OpenClawMac Mini M4Raspberry Pi 4OpenWrtDiscordAnthropic API

RST Lens

RST applied to AI agents — each experiment is a charter, each agent response is evaluated against oracles for safety, accuracy, and containment. The agents have real tool access (filesystem, terminal, web browsing, financial data), making the testing consequential rather than theoretical. The goal is documented findings and a testing methodology for AI agent deployments.

Log

April 7, 2026

Network containment layer complete. Built a Raspberry Pi 4 router running OpenWrt 24.10.4 with VLAN isolation through a Netgear GS308Ev4 managed switch. Three zones: WAN (VLAN 10, internet via ONT), LAN (VLAN 1, main network + TDS WiFi mesh), and Isolated (VLAN 20, Mac Mini — internet only, no LAN access). Firewall rules, DHCP pools, DNS logging, and SSH lockdown all configured.

April 7, 2026

First real debugging session: the TDS ONT refused to issue a DHCP lease to the Pi. After extensive investigation, discovered it was MAC-locked to the previous gateway. Cloned the gateway's MAC onto the Pi's WAN device. ONT required a 10+ minute power-off to clear the binding.

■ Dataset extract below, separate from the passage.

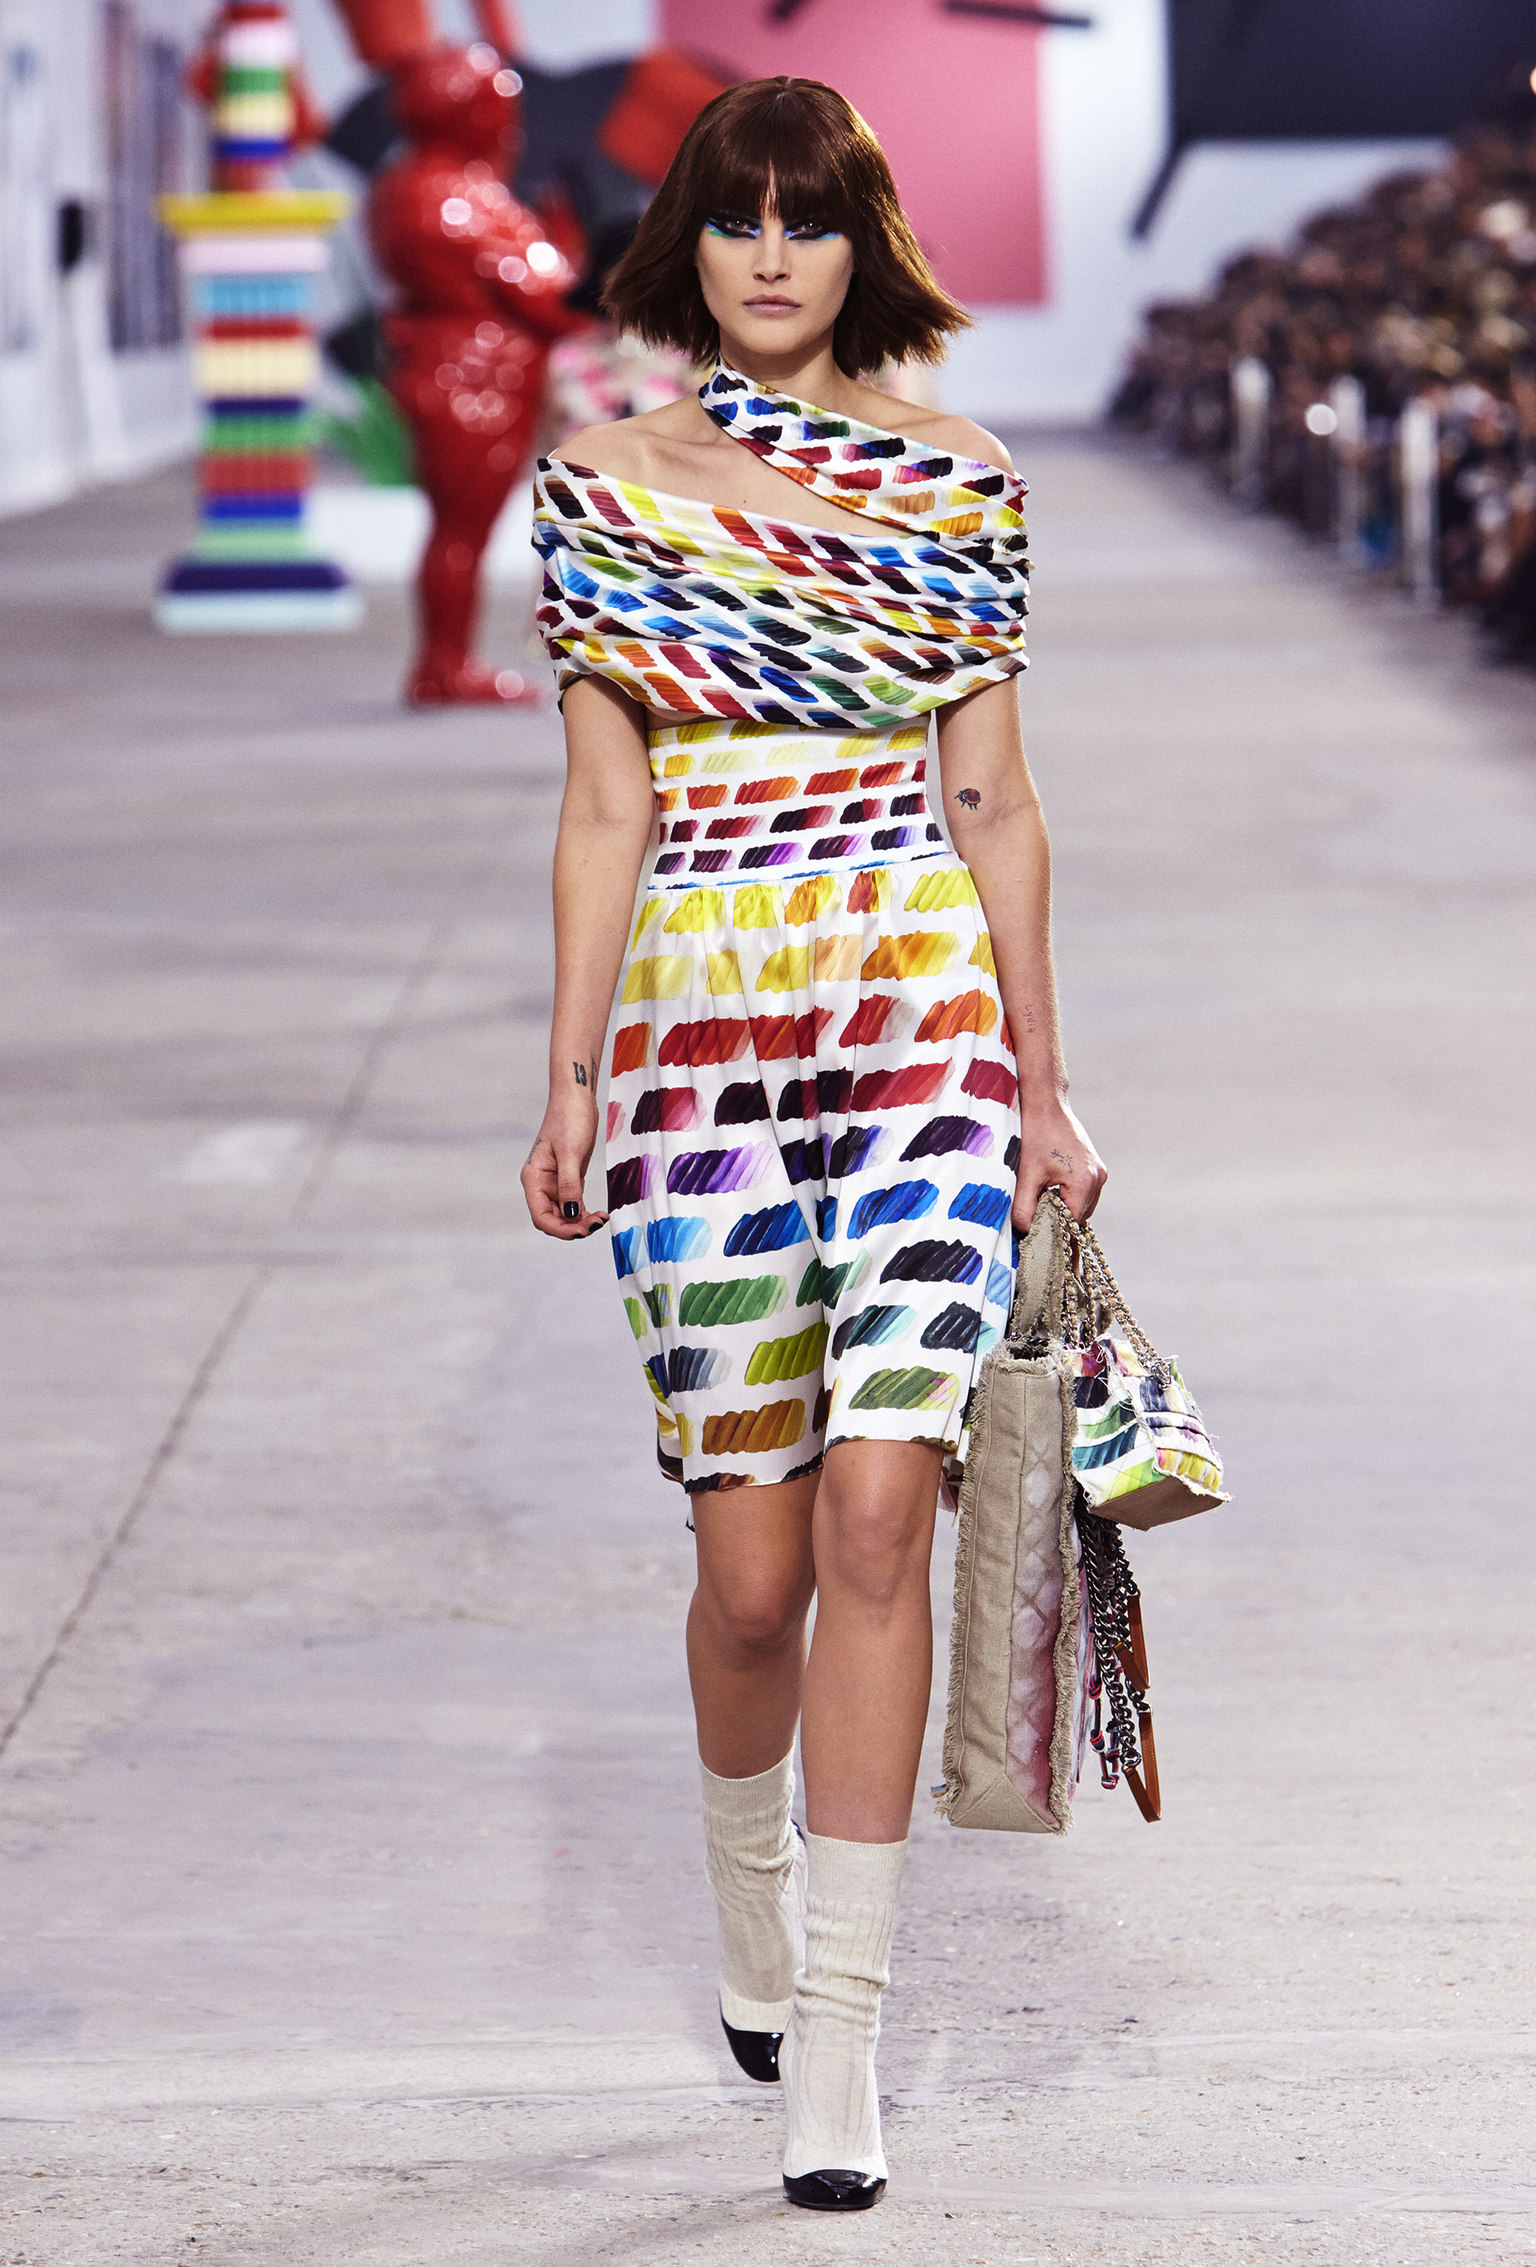 weekend distraction: Chanel Spring/Summer 2014 – The Seventh Sphinx

Classic oracle mismatch — the system behaved correctly by its own rules, just not by ours.

What's Next

01Set up Mac Mini M4 headlessly on the isolated VLAN (HDMI dummy plug + SSH + screen sharing)
02Deploy OpenClaw as a persistent gateway daemon with Discord integration
03Configure the four-agent hierarchy: Aiden (orchestrator), Bugs (coding/testing), Scout (research), Scrooge McDuck (financial data)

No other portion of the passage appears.